▽
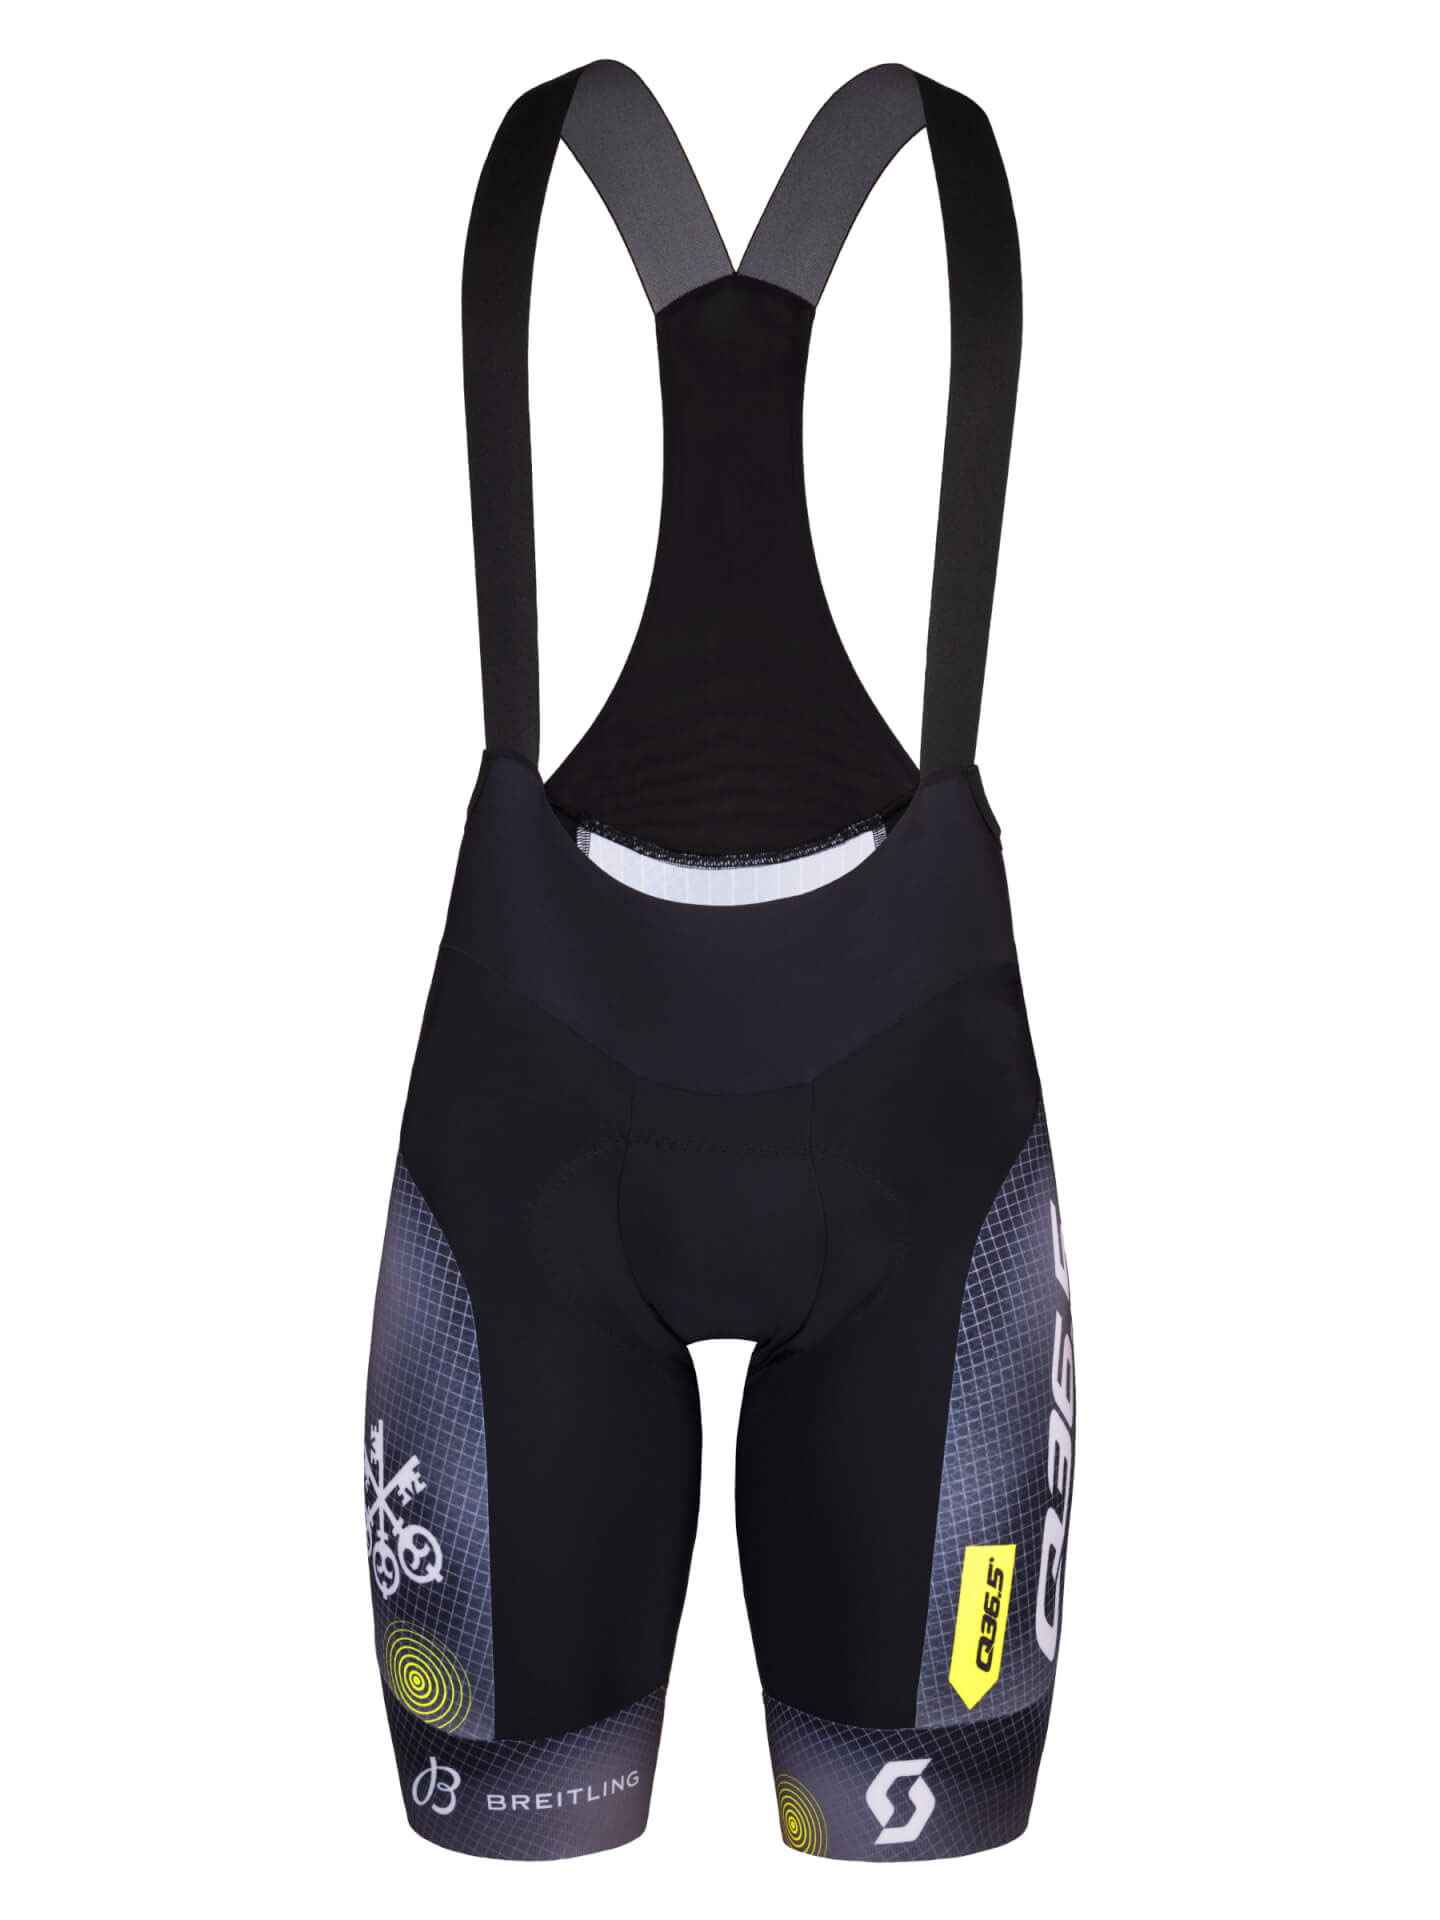 Field Tested: The Q36.5 Gregarius Ultra Bib Short – Above Category
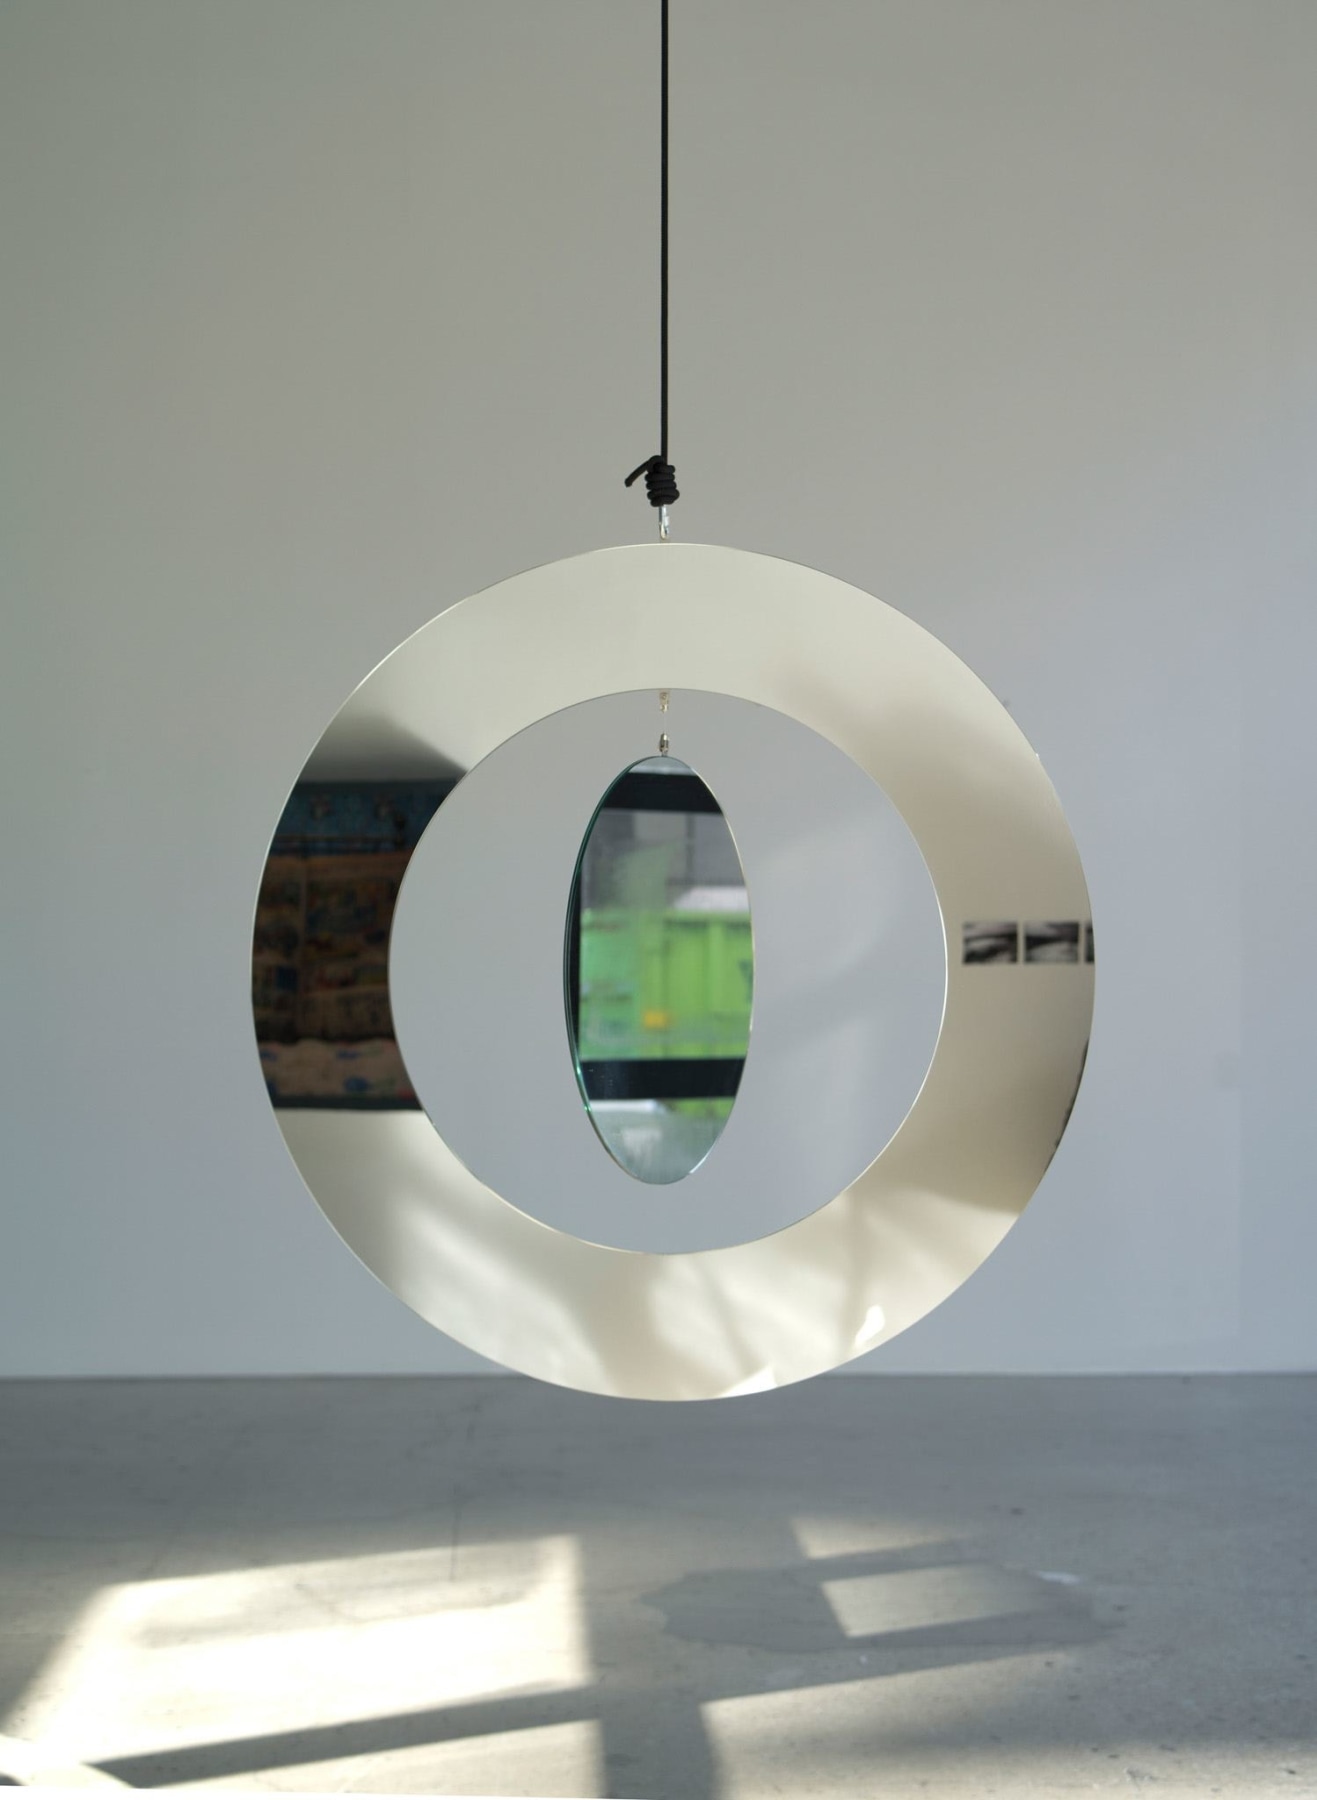 Jeppe Hein, Two in One Mirror Mobile
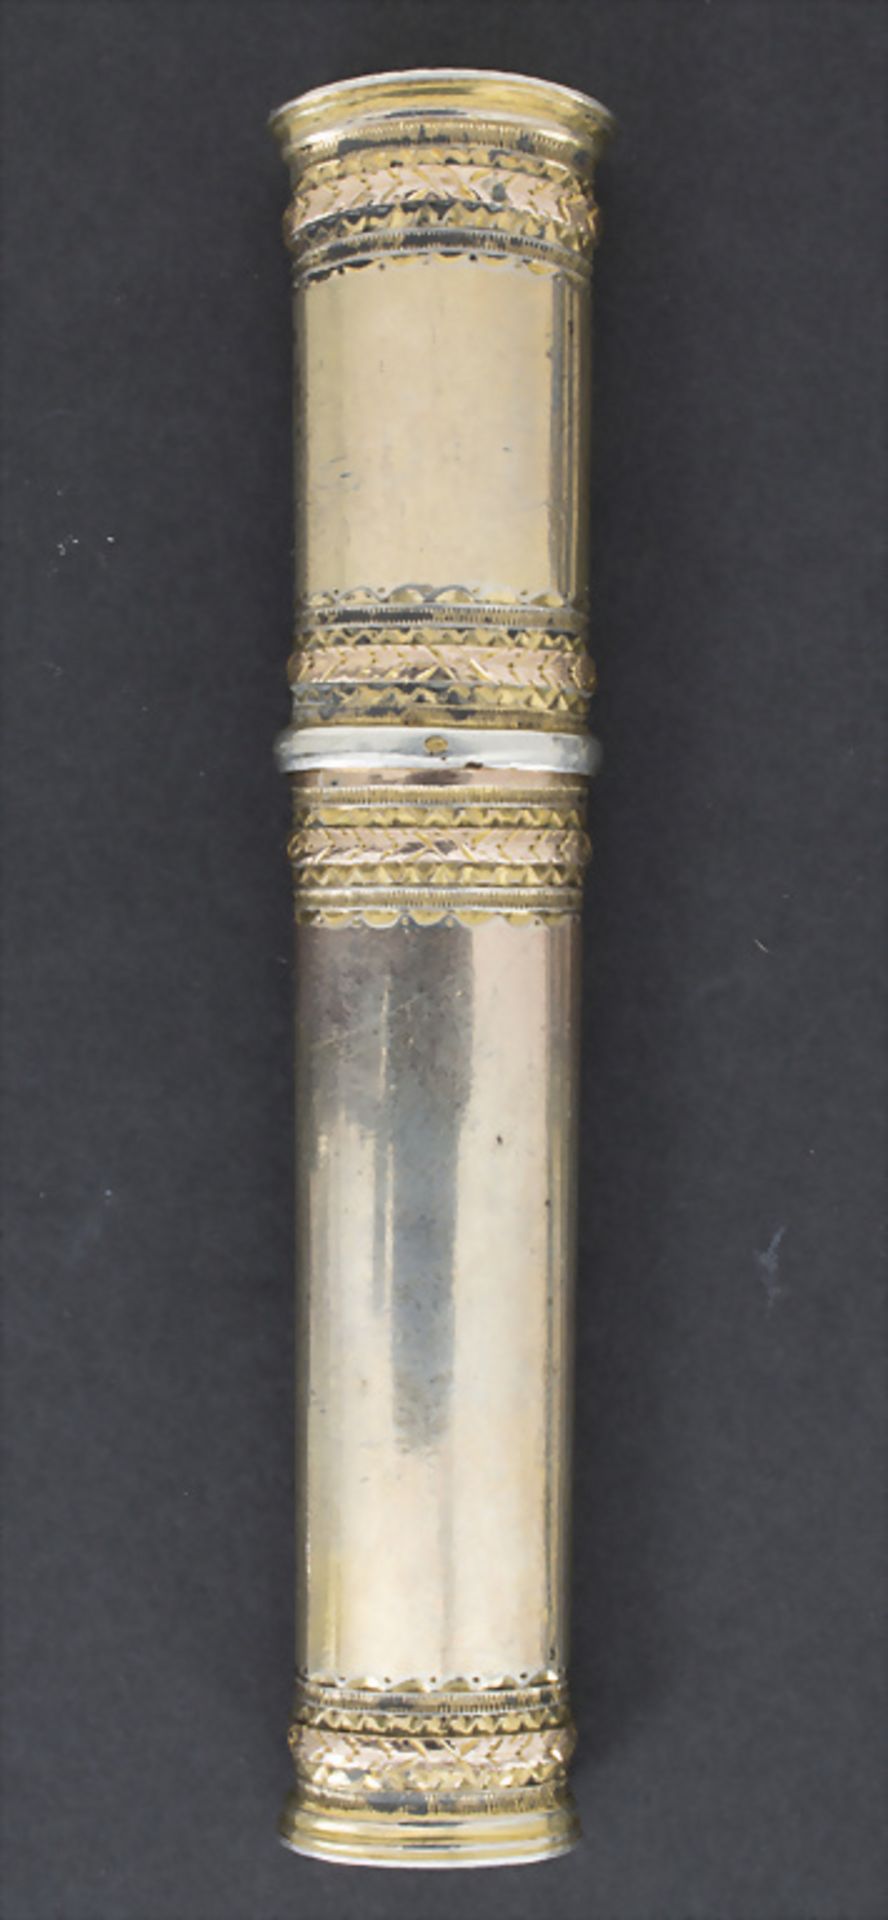 Empire Nadeletui in Silber und Gold / An Empire silver and gold needle case, Frankreich, um 1800 - Image 2 of 3
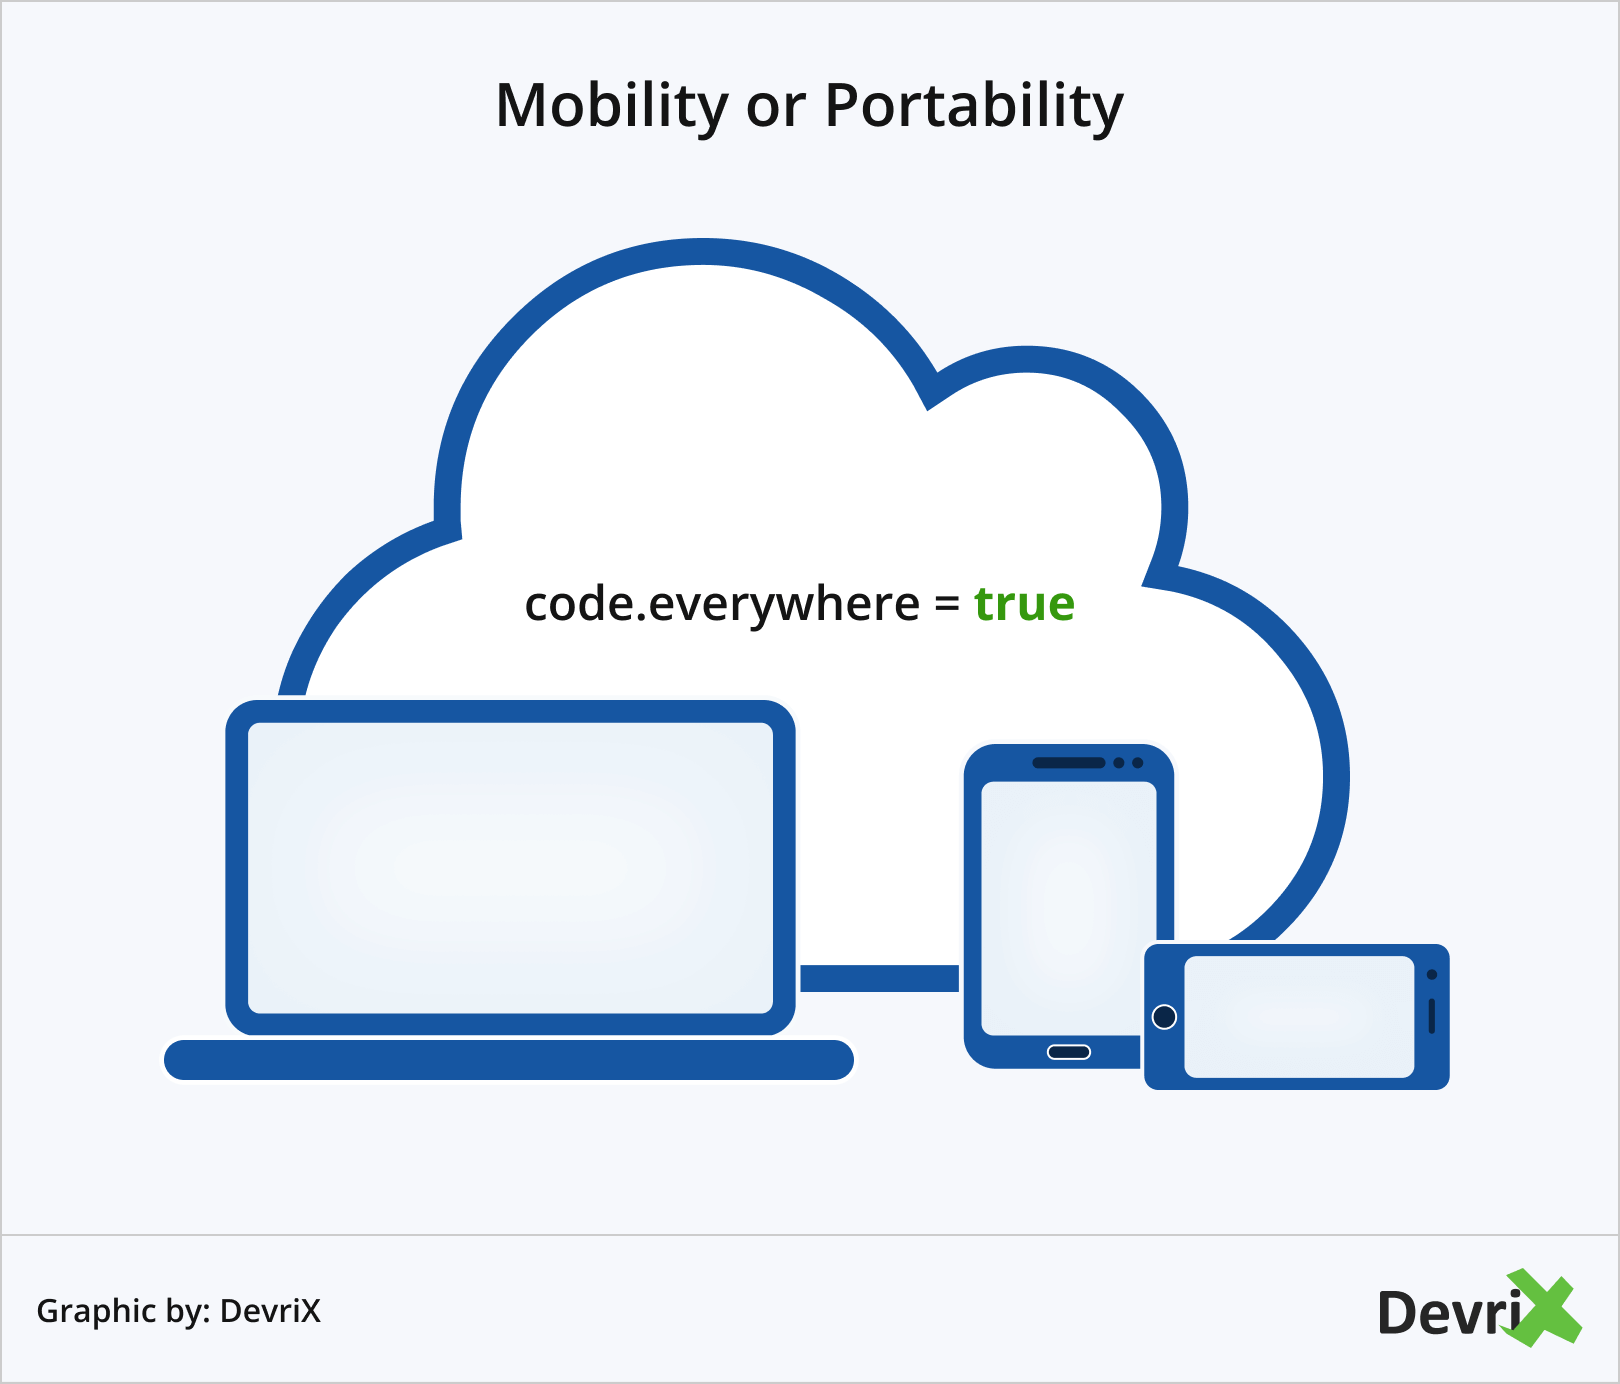 Mobility or Portability
△
Leaving every picture out, please copy exactly the lines from the one holding "Empire Nadeletui in" through the last line of the listing, both ends included.

 Empire Nadeletui in Silber und Gold / An Empire silver and gold needle case, Frankreich, um 1800 - Image 2 of 3
 Mobility or Portability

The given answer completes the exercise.